Blackstone Tactical Opportunities Fund II L.P. and Fidelity National Financial, Inc. have also committed, pursuant to an equity commitment letter dated as of
the date hereof, to provide additional equity funding, in the aggregate amount not to exceed $300 million, in the event that any counterparty to the forward purchase agreements previously entered into by CF Corp do not fund their commitments
thereunder, on the terms and subject to the conditions set forth in such equity commitment letter.
In addition, Blackstone Tactical Opportunities Fund II
L.P., certain affiliated funds of GSO Capital Partners LP and Fidelity National Financial, Inc. have executed limited guaranties in favor of the Company to guarantee, in the event of the termination of the Merger Agreement as a result of CF
Corps, Parents or Merger Subs intentional and material breach or fraud, the payment of a portion of any damages determined in a final judgement by a court or governmental authority or pursuant to a settlement by written agreement
of the parties to the Merger Agreement, up to a specified portion of the total transaction value.
Voting Agreement
In connection with entering into the Merger Agreement, the Company and certain shareholders of CF Corp representing in aggregate 18.7% of the issued and
outstanding common shares of CF Corp entered into a voting agreement pursuant to which such shareholders agreed to, among other things, vote or cause to be voted at any meeting of the shareholders of CF Corp called to seek (i) the adoption of
the Merger Agreement and (ii) all shareholder approvals required by the rules of Nasdaq with respect to the issuance of CF Corp Shares in connection with the Merger, all of their shares in favor of such proposals.
The foregoing description of the Merger Agreement and the transactions contemplated thereby does not purport to be complete and is subject to and qualified in
its entirety by reference to the Merger Agreement, a copy of which is attached hereto as Exhibit 2.1, and the terms of which are incorporated by reference herein.
The Merger Agreement and the foregoing description of the Merger Agreement has been included to provide investors
and security holders with information regarding the terms of the Merger Agreement. It is not intended to provide any other factual information about the Company, CF Corp, Parent or any of their respective subsidiaries or affiliates. The
representations, warranties and covenants contained in the Merger Agreement were made by the parties thereto only for purposes of the Merger Agreement and as of specific dates; were made solely for the benefit of the parties to the Merger Agreement;
may be subject to limitations agreed upon by the contracting parties, including being qualified by confidential disclosures exchanged between the parties in connection with the execution of the Merger Agreement (such disclosures include information
that has been included in the Companys public disclosures, as well as additional
non-public
information); may have been made for the purposes of allocating contractual risk between the parties to the
Merger Agreement instead of establishing these matters as facts; and may be subject to standards of materiality applicable to the contracting parties that differ from those applicable to investors and reports and documents filed with the SEC.

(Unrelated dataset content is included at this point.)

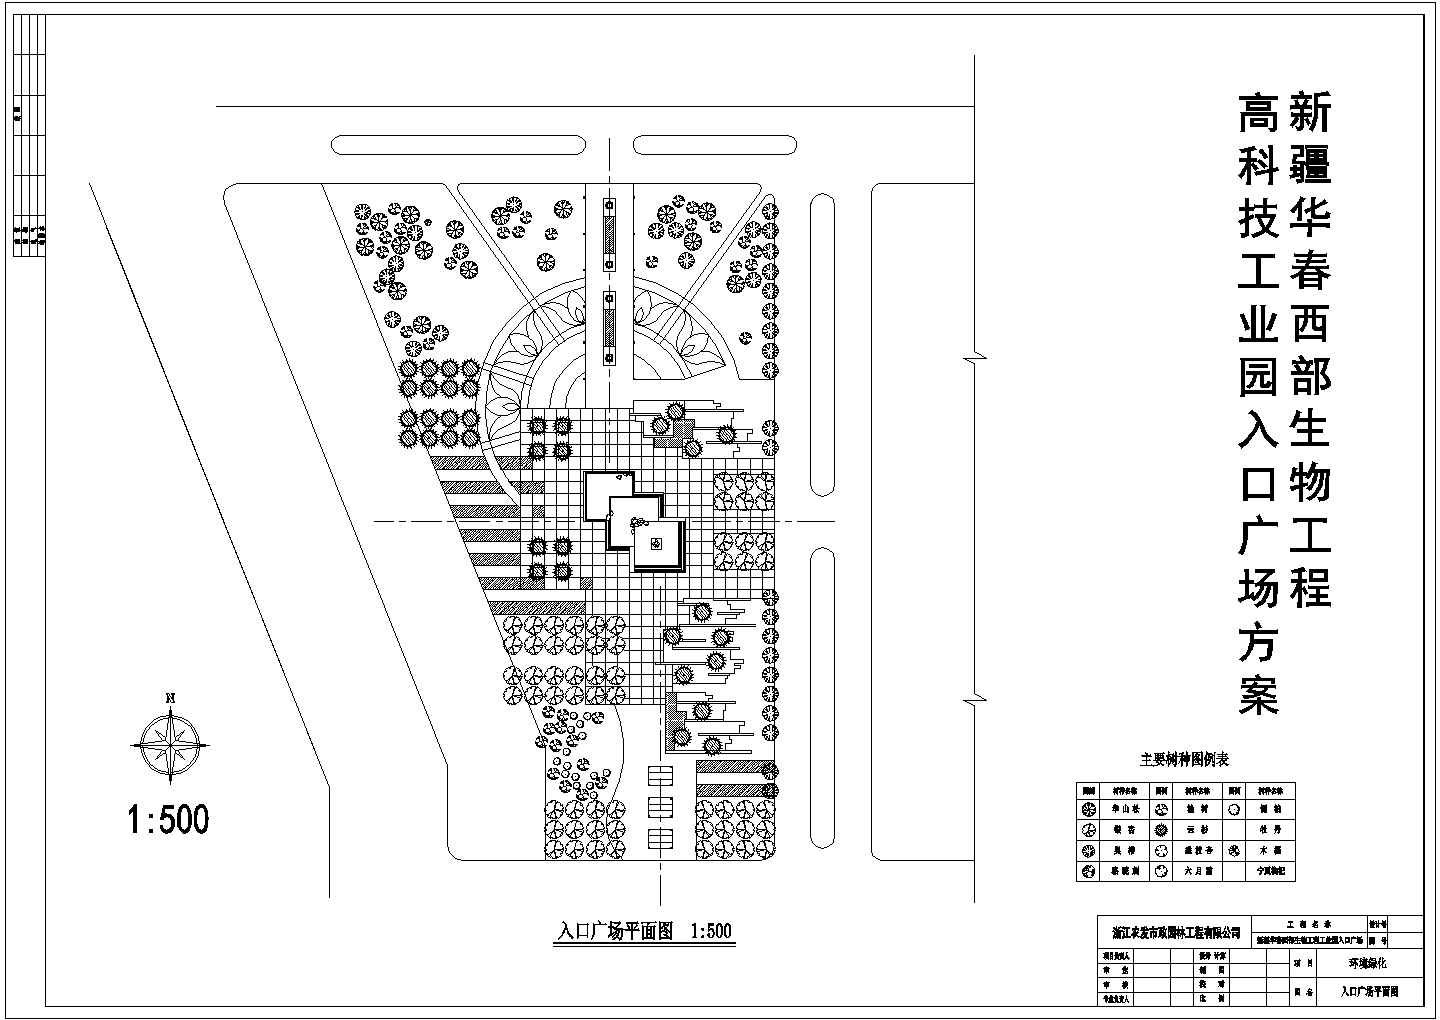 新疆华春文化广场小型投标方案设计图

Investors should not rely on the representations, warranties and covenants or any descriptions thereof as characterizations of the actual state of facts or condition of the Company, CF Corp or Parent or any of their respective subsidiaries or
affiliates. Additionally, the representations, warranties, covenants, conditions and other terms of the Merger Agreement may be subject to subsequent waiver or modification. Moreover, information concerning the subject matter of the representations,
warranties, covenants, conditions and other terms may change after the date of the Merger Agreement, which subsequent information may or may not be fully reflected in the Companys public disclosures.